# Setup

Like all things we need to first have a proper setup, meaning we would need to setup our LangChain API key and our LLM model API key setup. Also that we have enable the correct tracing to the correct project, so that way we can monitor correctly. 

In [1]:
import os
import getpass 
from dotenv import load_dotenv

load_dotenv(dotenv_path="../.env")


def _get_config(api_name: str):
    if api_name in os.environ:
        print(f"Using {api_name} from environment")
        return os.environ[api_name]
    else:
        print(f"{api_name} is not set in environments.")
        return getpass.getpass(f"Please enter your {api_name} API Key: ")



In [2]:
# Get LangSmith API Key 
LANGCHAIN_API_KEY = _get_config("LANGCHAIN_API_KEY")

# Get LLM Gemini 
GOOGLE_API_KEY = _get_config("GOOGLE_API_KEY")

# Set up tracing 
LANGCHAIN_TRACING_V2 = _get_config("LANGCHAIN_TRACING_V2")

# Set up a new project name
os.environ['LANGCHAIN_PROJECT']="RAG Application Dan Koe"
print(f"Using project: {os.environ['LANGCHAIN_PROJECT']}")

# Get User Agent for requests
USER_AGENT = _get_config("USER_AGENT")

Using LANGCHAIN_API_KEY from environment
Using GOOGLE_API_KEY from environment
Using LANGCHAIN_TRACING_V2 from environment
Using project: RAG Application Dan Koe
Using USER_AGENT from environment


Now that we have set up our project we will be using different function in order to get to actually get some responses. We will be basing our RAG based on the Dan Koe's websites where he would actually posts his letters. So we wil start by automating the ingestion process where we would be relying on [Documents Loader](https://python.langchain.com/docs/integrations/document_loaders/) by relying on SitemapLoader to discover all the articles without blindly guessing URLs. In order to best trace these component we will be using function and relying on the `@traceable` decorator.

In [3]:
import requests
import nest_asyncio
from langsmith import traceable 
from langchain_community.document_loaders import SitemapLoader
from langchain_core.documents import Document
from bs4 import BeautifulSoup



# Apply nest_asyncio to allow nested event loops
nest_asyncio.apply()

@traceable
def load_documents_from_sitemap(sitemap_url: str, filtered_urls: list):
    """
    A traceable function for discovering and loading all the articles from 
    a sitemap for specific posts URLS. 

    Args: 
    sitemap_url (str) : The URL of the sitemap to load documents from.
    filtered_urls (list) : A list of specific post URLs to filter the documents.
    
    Returns: 
    list: A list of loaded document objects.
    """
    # Sitemaper will automatically find and load all articles
    loader = SitemapLoader(
        web_path = sitemap_url, 
        filter_urls = filtered_urls
    )

    urls = [doc.metadata['source'] for doc in loader.load()]

    loaded_documents = []

    # Now, each URL neesds to be parsed
    for url in urls:
        try:
            # Fetching Webpages from our Sitemap and URLS we got
            response = requests.get(url, headers={"User-Agent": 'MyRAGBot/1.0'})
            response.raise_for_status()
            
            # Parsing our URL Parsing with BeautifulSoup 
            soup = BeautifulSoup(response.content, 'html.parser')
            main_content = soup.select_one('article .body')

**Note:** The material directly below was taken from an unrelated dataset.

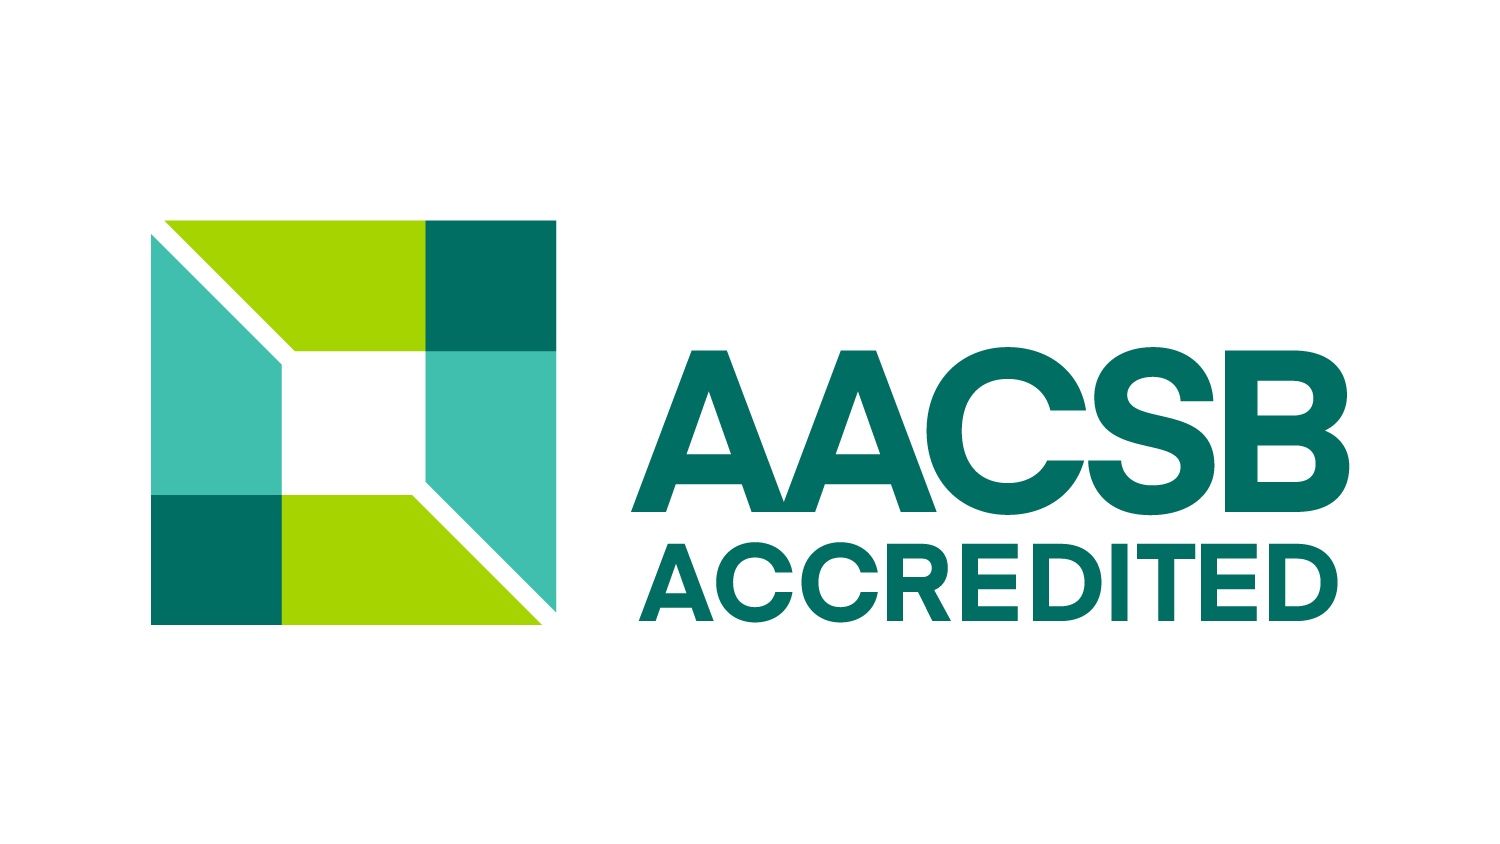 Picture with the AACSB logo with text that says AACSB accredited

            # We extract and store our clean text 
            if main_content: 
                text = main_content.get_text(separator="\n", strip = True)
                loaded_documents.append(Document(page_content=text, metadata={"source": url}))

        except requests.RequestException as e:
            print(f"Error fetching {url}: {e}")

    # Sanity Check - Verify the number of loaded documents
    print(f"Loaded total of {len(loaded_documents)} documents")

    return loaded_documents


sitemap_url = "https://letters.thedankoe.com/sitemap.xml"
fecthed_url = ["https://letters.thedankoe.com/p"]


documents = load_documents_from_sitemap(sitemap_url, fecthed_url)


Fetching pages: 100%|##########| 43/43 [00:07<00:00,  5.47it/s]


Loaded total of 43 documents


In [4]:
# Sanity Check 
if documents: # A better way to check if the list is not empty
    print("\nHere are the first 5 URLs found in the sitemap:")
    for i in range(min(5, len(documents))):
        print(documents[i].page_content[:20])
else: 
    print("\nStill found 0 documents. There might be another problem.")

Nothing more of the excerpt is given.